Nature Profiles NCATS Director Christopher Austin
Christopher Austin leads NIH's bold new translational research centre NCATS.
Note: SC CTSI is part of the 60-institution CTSA consortium funded by NCATS and NIH.
In September, Christopher Austin, MD, was appointed as director of the fledgling National Center for Advancing Translational Sciences (NCATS) at the US National Institutes of Health (NIH) in Bethesda, Maryland.
In existence since December 2011, the centre has an ambitious — some say audacious — agenda that channels the central passion of both Austin and his boss, NIH director Francis Collins: to get more successful medicines into more patients, more quickly. That means forcing the agonizingly slow, failure-prone process of 'translational research' — the term of art for moving promising discoveries from the lab to the clinic — into a higher gear.
Passion runs high among the sceptics, too. Researchers both inside and outside the agency fear that NCATS — the first new centre at the NIH in more than a decade, funded at US$575 million last year — will encroach on a finite pot of money that they say would be better spent probing the mechanisms of basic biology and disease. Others question the scale of its mission. “With the available resources, how are you going to achieve this?” asks Thomas Caskey, a molecular geneticist at Baylor College of Medicine in Houston, Texas. “To me, you cannot just take this money and be another biotechnology company and you certainly don't have enough money to be a pharmaceutical company.”
One of Austin's major goals is to find a better way to use NCATS's biggest programme: the $461-million Clinical and Translational Science Awards (CTSAs), which fund around 60 translational-medicine centres, each operating independently.
NCATS will be neither, Austin responds. What will set it apart, he says, is a focus on overcoming obstacles on the road to drug development, from inadequate toxicology methods to inefficient clinical-trial recruitment, rather than actually producing the drugs. In an era in which more than 95% of drug candidates fail, and a novel drug takes 13 years and more than $1 billion to develop, “NCATS has to be focused on logarithmic improvements in the process”, says Austin. “You can't do this in a brute-force way. You have to do it differently. You have to drive the technology development.”
To underscore what sets NCATS apart from industry, Austin has been showcasing the centre's first new programme, which makes available to NIH-funded scientists 58 drugs tested in humans but abandoned by big drug firms for business reasons or because they didn't work against the conditions that the companies had tested them on. The goal is to put those candidates to other uses. The programme has become a useful flagship for NCATS not least because it — unlike others in the opaque field of translational research — is easily explained to the public.
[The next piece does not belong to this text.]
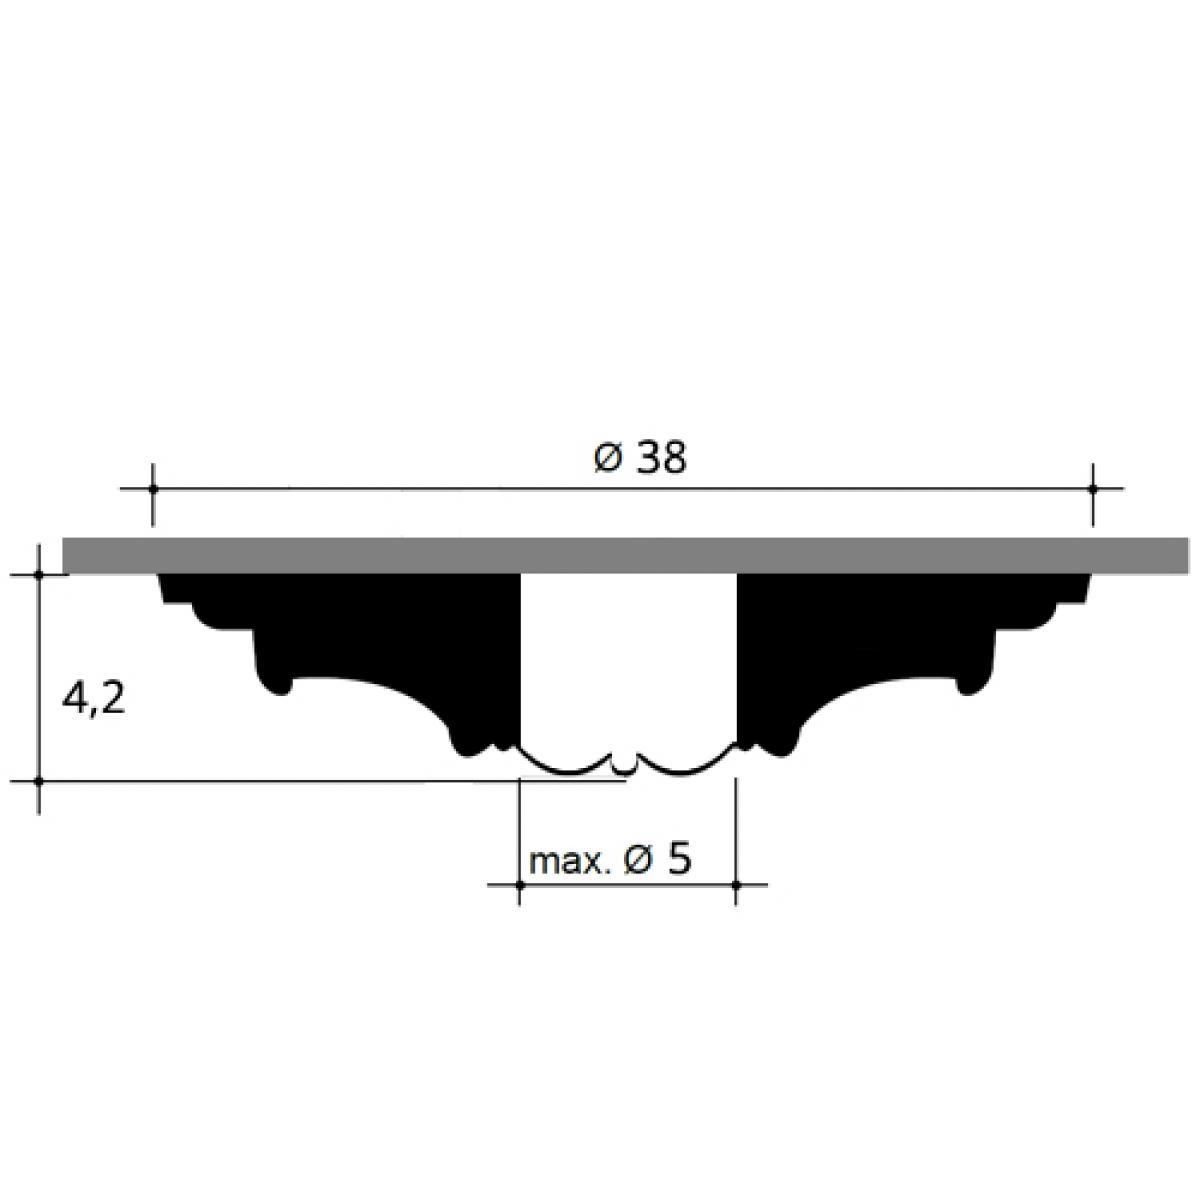 Rozeta Luxxus R08, Dimensiuni: diam. 38 cm (H: 4,2 cm), Orac Decor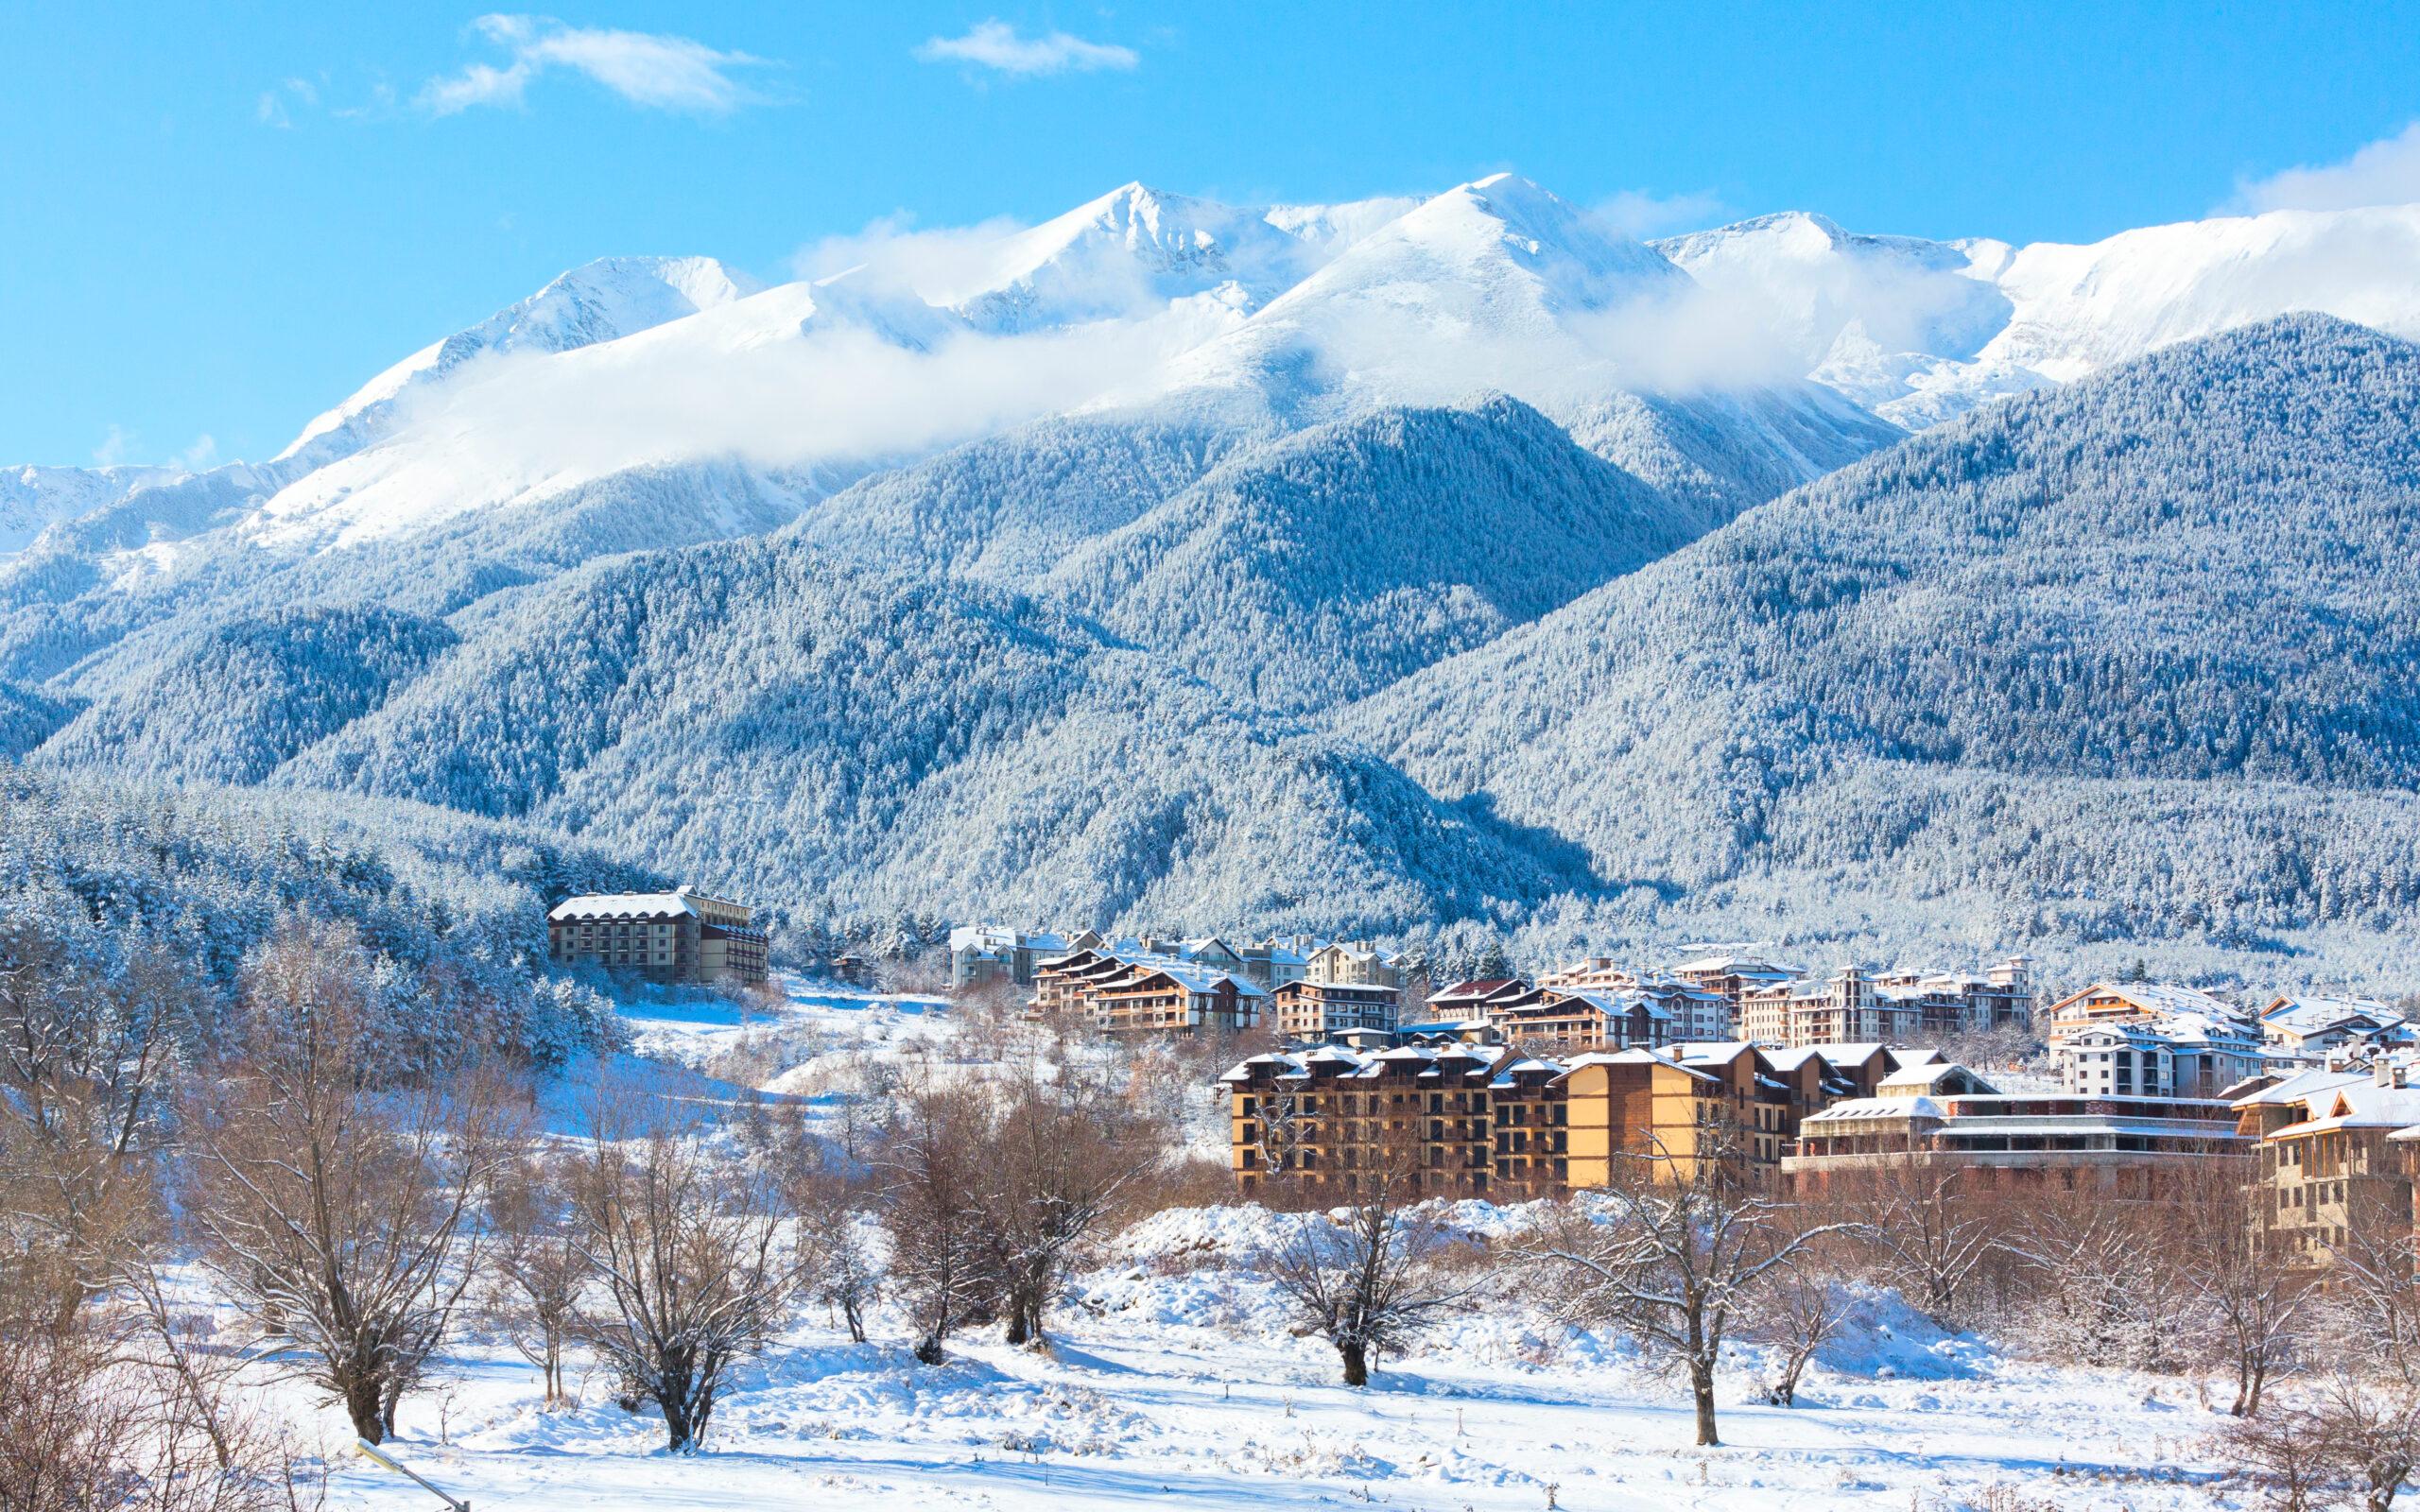 Цени и условия в най-предпочитаните зимни курорти в България

Austin also likes to talk about NCATS's bid to overcome one of the biggest hurdles in the quest for new drugs: the discovery of harmful side effects when a compound is well into development. “This is a classic problem for NCATS to work on,” he says.
His solution, in part, is a programme in which NCATS is working with the Defense Advanced Research Projects Agency and the US Food and Drug Administration to put ten human tissues, from heart to brain and gut, on a chip that could then be used to screen potential drugs rapidly and efficiently for toxic effects. Another attack on toxicity can be found in the Tox21 programme, a collaboration between NCATS, the National Toxicology Program at the NIH's National Institute of Environmental Health Sciences and the Environmental Protection Agency. It began in December 2011 to screen 10,000 environmental chemicals and approved drugs against every known human signalling pathway, to identify which molecules might have toxic effects.
In the longer term, one of Austin's major goals is to find a better way to use NCATS's biggest programme: the $461-million Clinical and Translational Science Awards (CTSAs), which fund around 60 translational-medicine centres, each operating independently. The awards aim to train the next generation of translational researchers and to improve the full spectrum of that research, from discovering drug targets to answering health-delivery questions such as: do asymptomatic women really need routine manual pelvic exams? Since September, Austin has visited nine of the CTSA centres — he has planned six more visits — to talk to principal investigators and other staff members. While praising the centres' work, he says that they have so far mostly operated “without particular encouragement or direction from the NIH, and thus in a disjointed and uncoordinated fashion”. Austin wants to see a “CTSA 2.0” that will apply the consortium collectively to problems including clinical-trial recruitment, the development of better biomarkers and the rational use of electronic medical records in research. This can best be done “across a nationwide network focused on solving systematic problems”, says Austin.